Поскольку я молчал и в необыкновенном волнении лишь ломал руки, девушки мадам Одиль окружали меня своими заботами. Одна из них вынимала у меня из петлицы гардению: как бы ее слабое благоухание не помешало моему обонянию. Другая извлекала из нагрудного кармана шелковый платок: на него нанесут пробы ароматных жидкостей, предлагаемых мне на выбор. Третья спрыскивала жилетку розовой водой, чтобы хоть как-то нейтрализовать тяжелый сигарный дух. Четвертая мягкой кисточкой наносила мне на усы специальную помаду, чтобы все эти эссенции к ним не приставали и не тревожили нос.
Хозяйка между тем продолжала:
– Я догадалась! Месье страстно увлечен! Я давно подозревала! От меня ничего не утаишь! Это знатная особа? Или королева Comédie Française?[1] А может – «Варьете»? Или – о, Боже! – вы легкомысленно уступили чарам парижского полусвета? Ну да ладно, скажите лучше: к какому типу она относится? Одним идут цветочные ароматы, другим – фруктовые, третьим – пряные, четвертым – восточные... Как, по-вашему, mon chou?[2]
Тем временем одна из продавщиц, Мартин, щекотала мне за ушами смоченной в пачулях кисточкой (и одновременно толкала мне под мышку свою упругую грудь). Шарлотт совала под нос благоухающий акацией локоть (прежде таким же способом довелось ознакомиться с полной коллекцией запахов ее тела). Сидони капнула на мою ладонь маслом шиповника и теперь дула на нее, чтобы капелька поскорее высохла (за губами виднелись два ровненьких ряда зубов, их укусы мне были так знакомы). А еще одна, новенькая, раньше я не встречал ее у мадам Одиль (и, погруженный в свои мысли, лишь разок ущипнул – рассеянно и слегка), целилась в меня из пульверизатора, будто вызывала на любовную дуэль.
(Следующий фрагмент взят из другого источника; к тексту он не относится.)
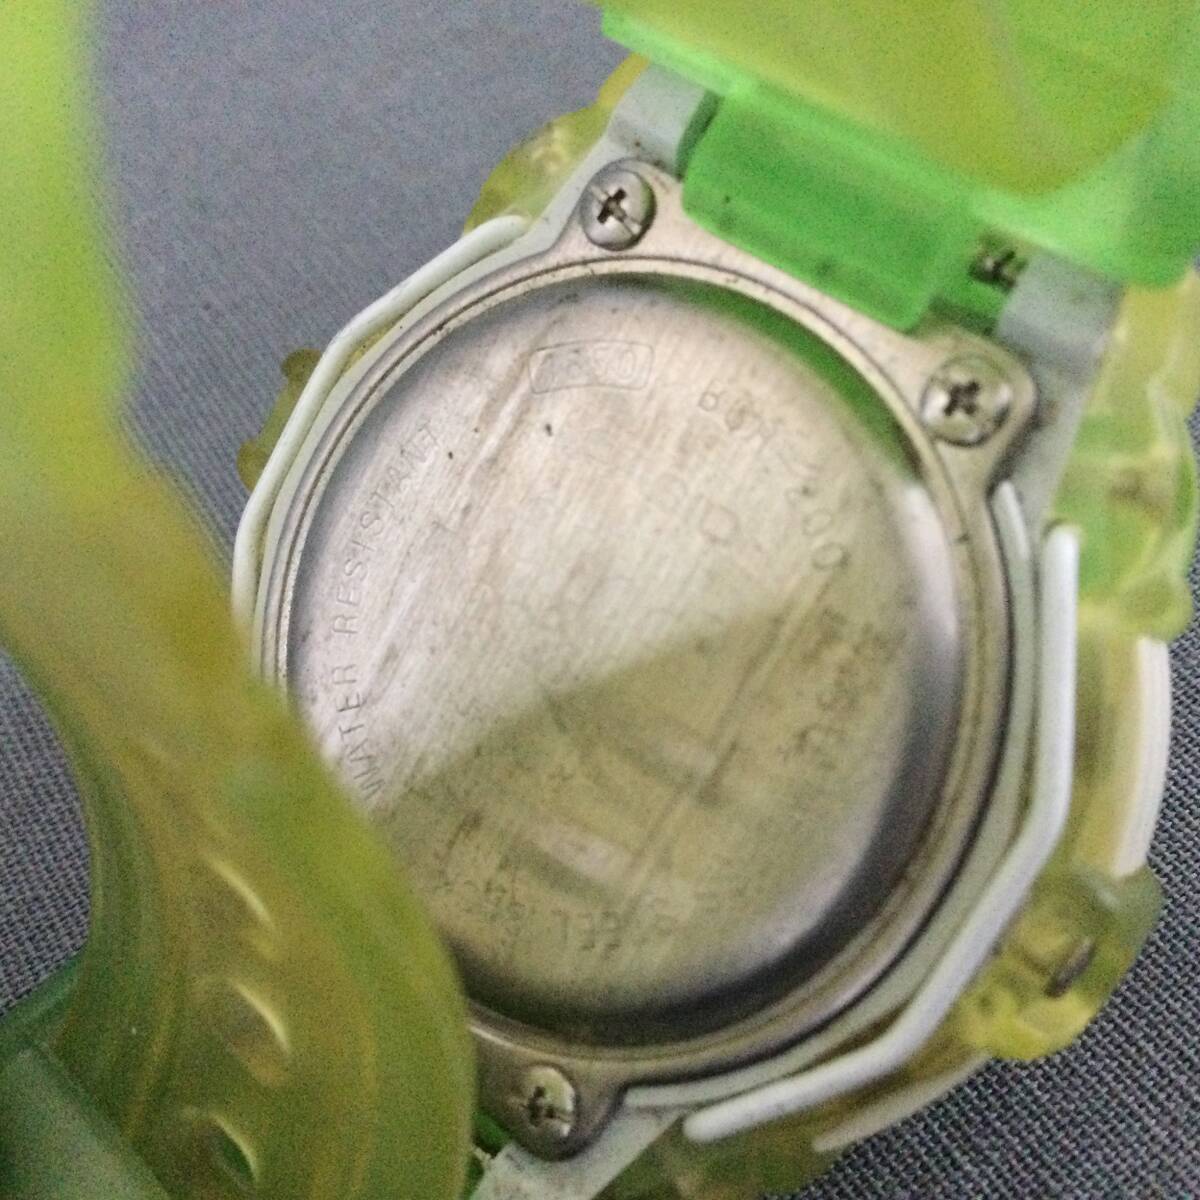 564/17 GJ60500 CASIO Baby-G Reef BGR-200 Shock Resistant デジタル 稼働 腕時計 グリーン カシオ ベビーGの画像2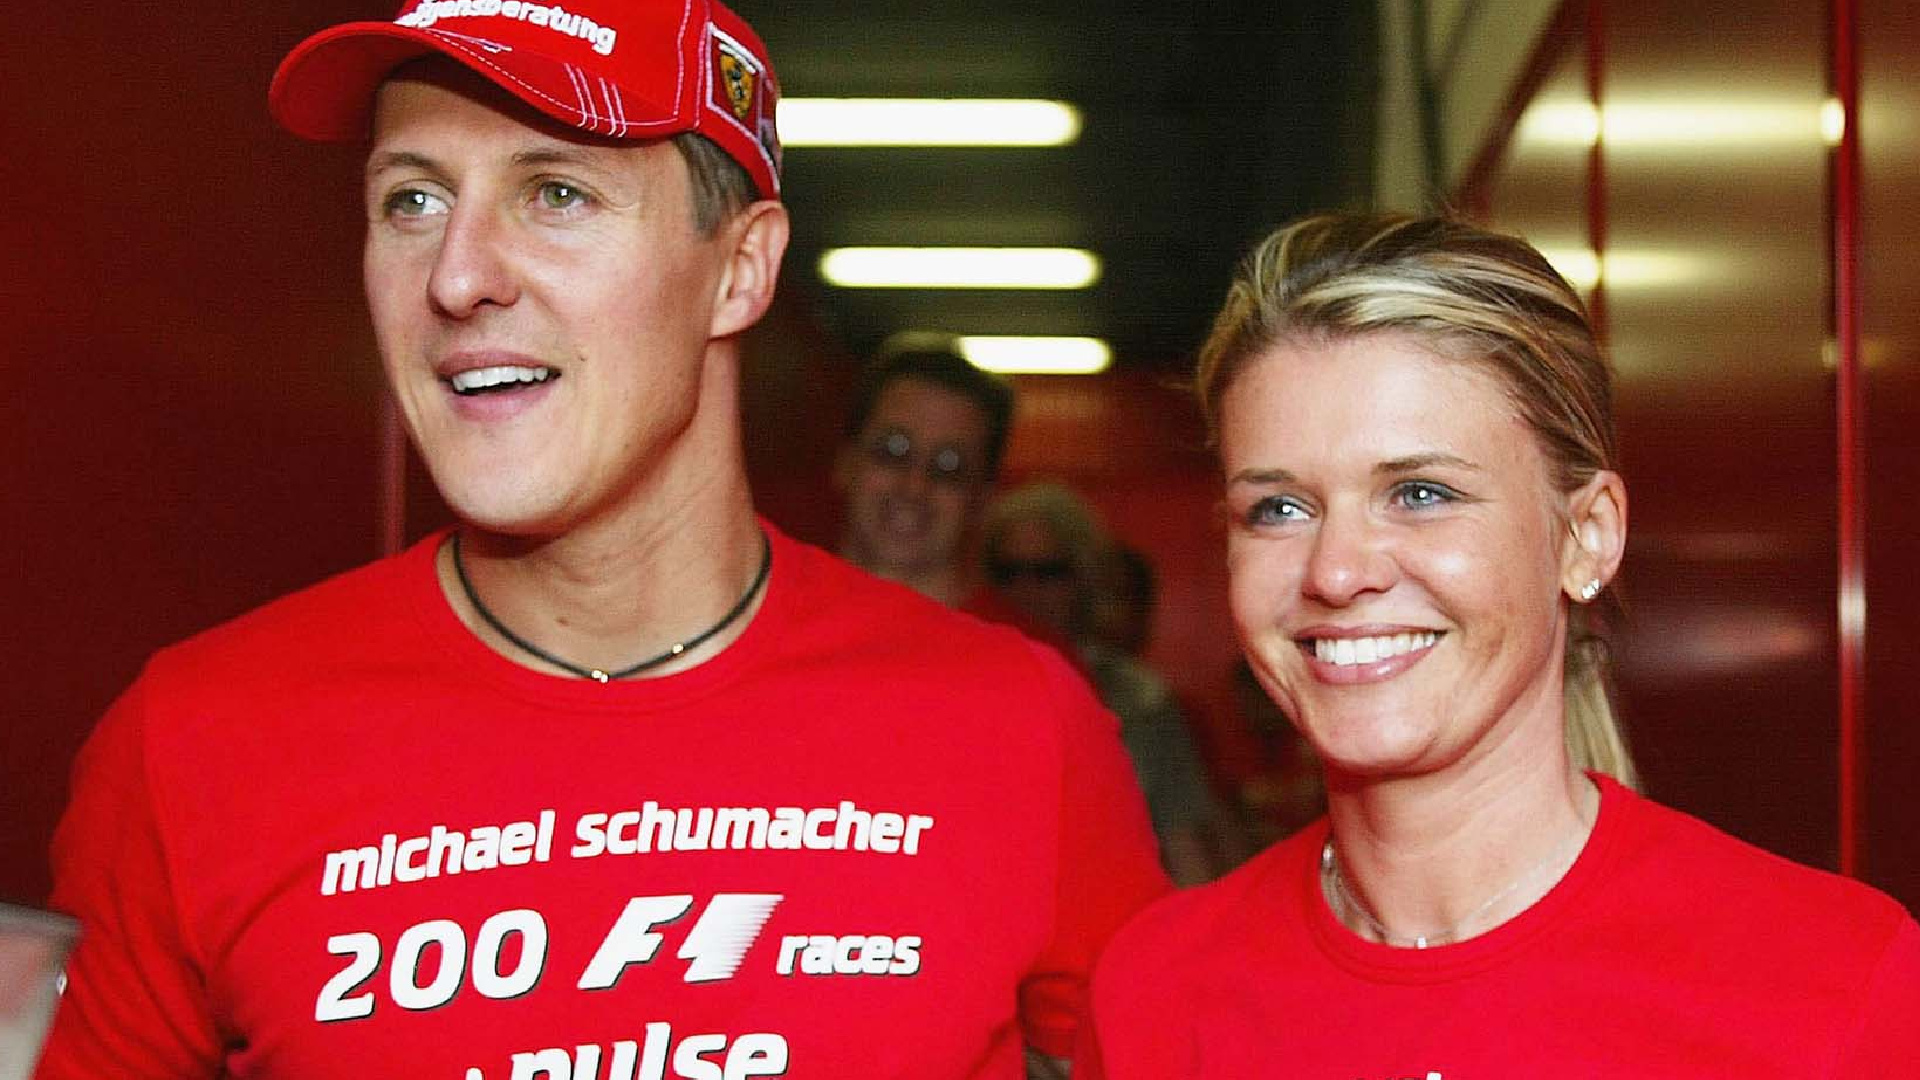 La decisione radicale che ha dovuto prendere la moglie di Michael Schumacher

– Ах, что вы, мадам! Дело совсем не в этом! Клянусь вам! – выдохнул я наконец. – Мне не нужно подбирать духи для знакомой дамы. Даму-то я и ищу! И при этом не знаю о ней ничего! Ничего! Только запах!
Вот в таких ситуациях и проявляется лучшее, на что способен методический гений мадам Одиль. Только благодаря строжайшему порядку в мыслях можно управиться с сонмом неуловимых испарений.
– Пойдем методом исключения, – посерьезнела мадам Одиль. – Корицей пахло? А мускусом? А фиалкой? Может, миндалем?
Да разве мог я словами описать те томительные, те яростные ощущения, что испытал накануне, на костюмированном балу, во время вальса?! Таинственная незнакомка вдруг отпустила ленивым жестом газовую шаль с белоснежного плеча, и на мои ноздри обрушилась упругая, многослойная волна благоухания. Мне почудилось, будто я вдохнул душу тигрицы.
– О нет, мадам Одиль! Клянусь, таких духов я никогда прежде у вас не встречал!
Тем временем девушки подбирались к самым верхним полкам, бережно передавали друг дружке хрупкие склянки и с такими предосторожностями приоткрывали их, будто опасались, что шальная капелька воздуха осквернит хранимые там святыни.
– Это гелиотроп, – поясняла мадам Одиль. – Его покупают всего четыре дамы: герцогиня де Клиньянкур, маркиза де Менильмонтан, жена сырного магната Куломье и его любовница... Это палисандр. Его я каждый месяц выписываю специально для жены царского посла... А эту смесь готовлю сама. Постоянных заказчиц – две: принцесса Баден-Гольштейнская и куртизанка Кароль... Теперь – артемизия. Помню имена всех покупательниц без исключения. По одному разу купили многие, по два – никто. Похоже, на мужчин артемизия производит угнетающее действие...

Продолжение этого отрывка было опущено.